__Aim of the task__
Your reply should reproduce each line below exactly and carry none of the pictures.
Segment Start: Exercise data
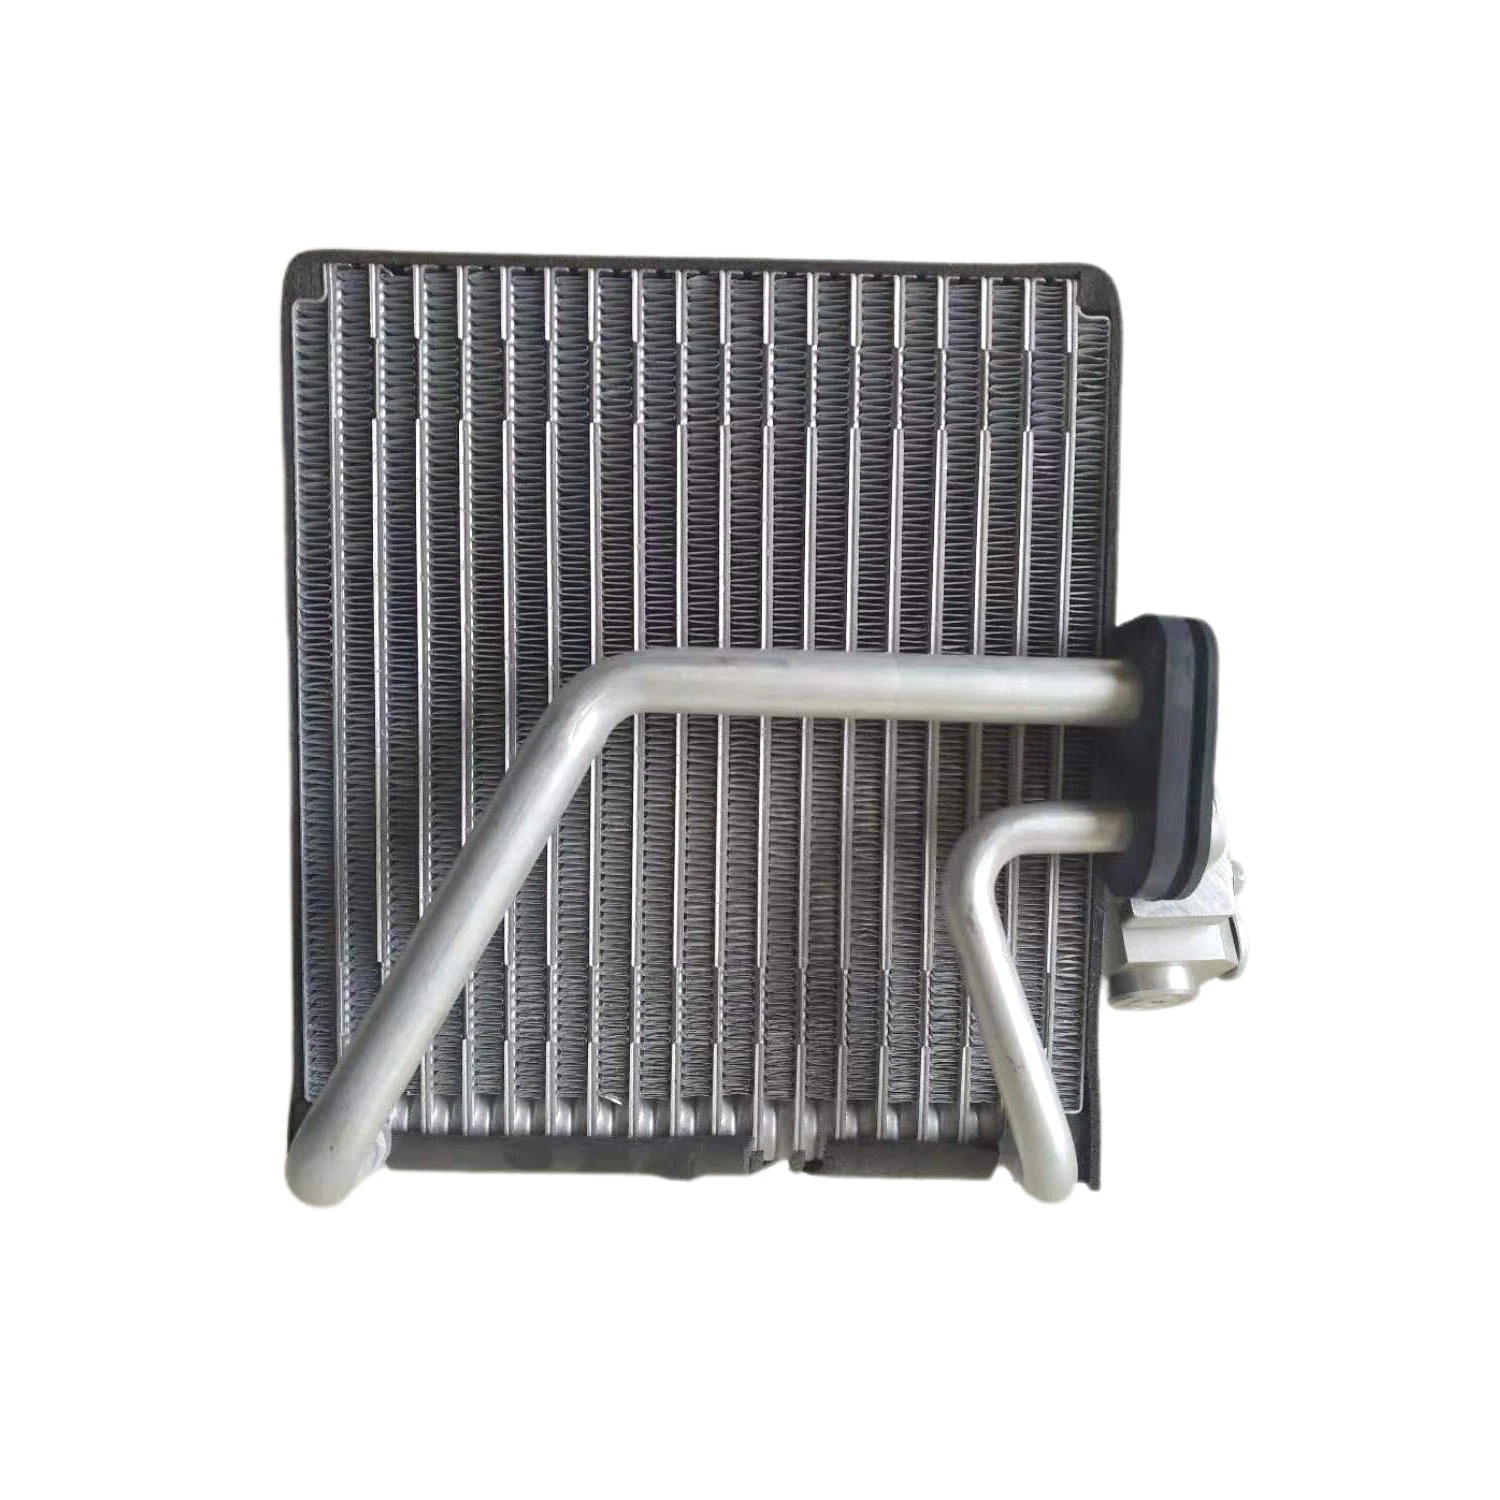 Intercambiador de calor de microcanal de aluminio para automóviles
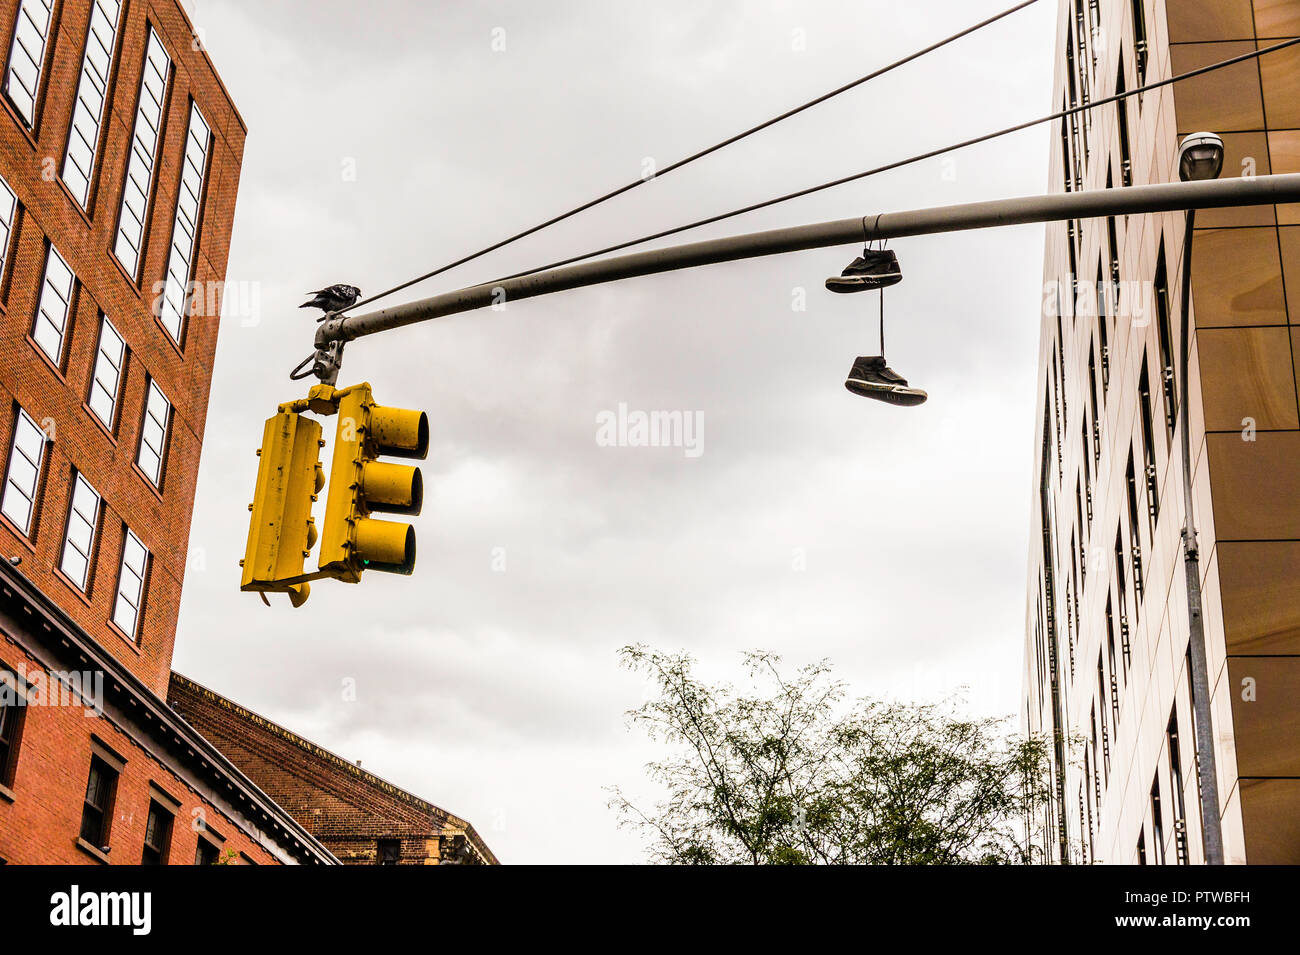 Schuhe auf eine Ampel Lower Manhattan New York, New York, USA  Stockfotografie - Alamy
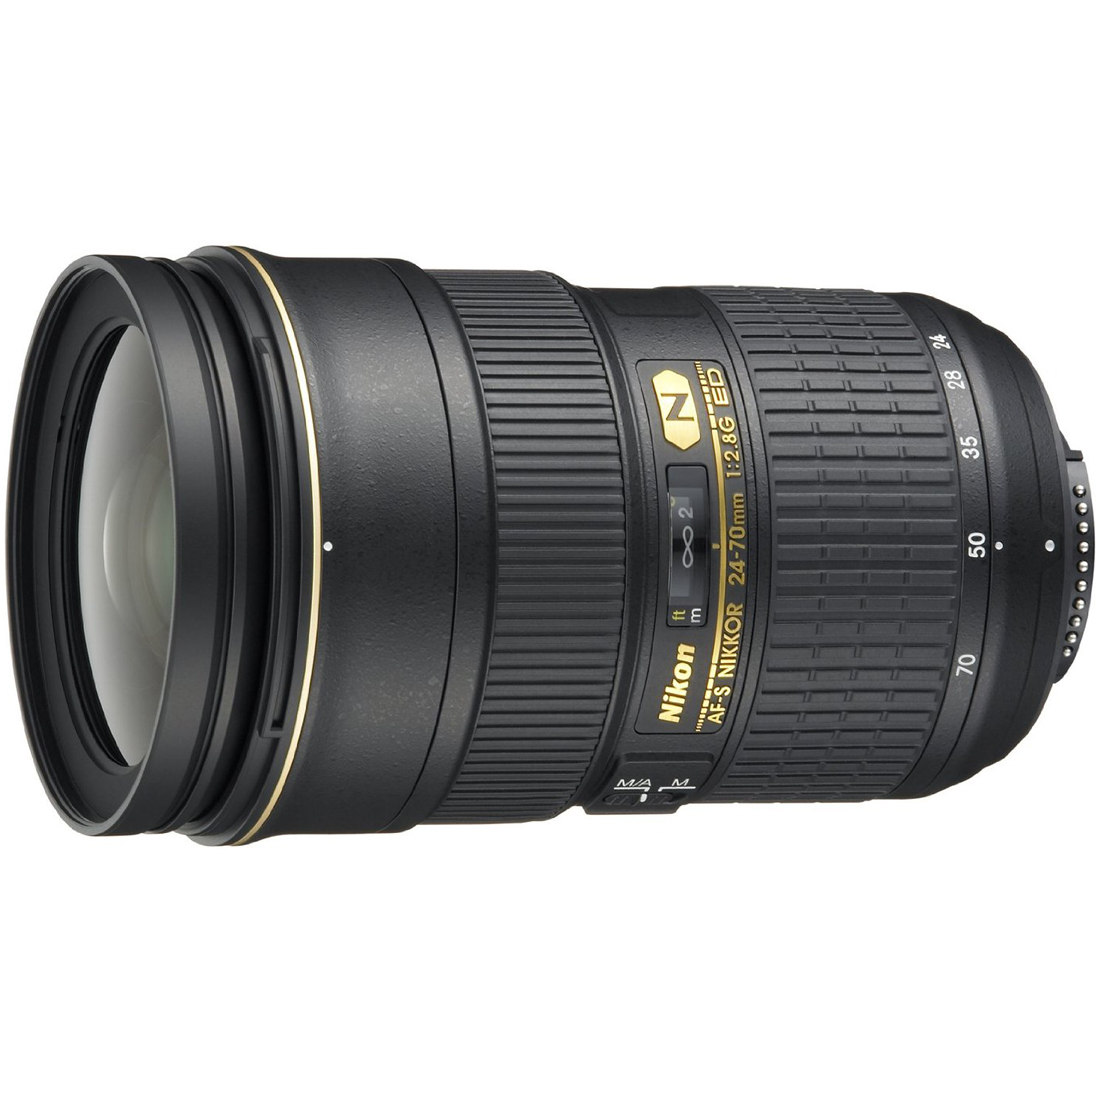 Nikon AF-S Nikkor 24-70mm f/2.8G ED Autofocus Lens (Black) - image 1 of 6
Segment End: Exercise data
__The answer__
 Intercambiador de calor de microcanal de aluminio para automóviles
 Schuhe auf eine Ampel Lower Manhattan New York, New York, USA  Stockfotografie - Alamy
 Nikon AF-S Nikkor 24-70mm f/2.8G ED Autofocus Lens (Black) - image 1 of 6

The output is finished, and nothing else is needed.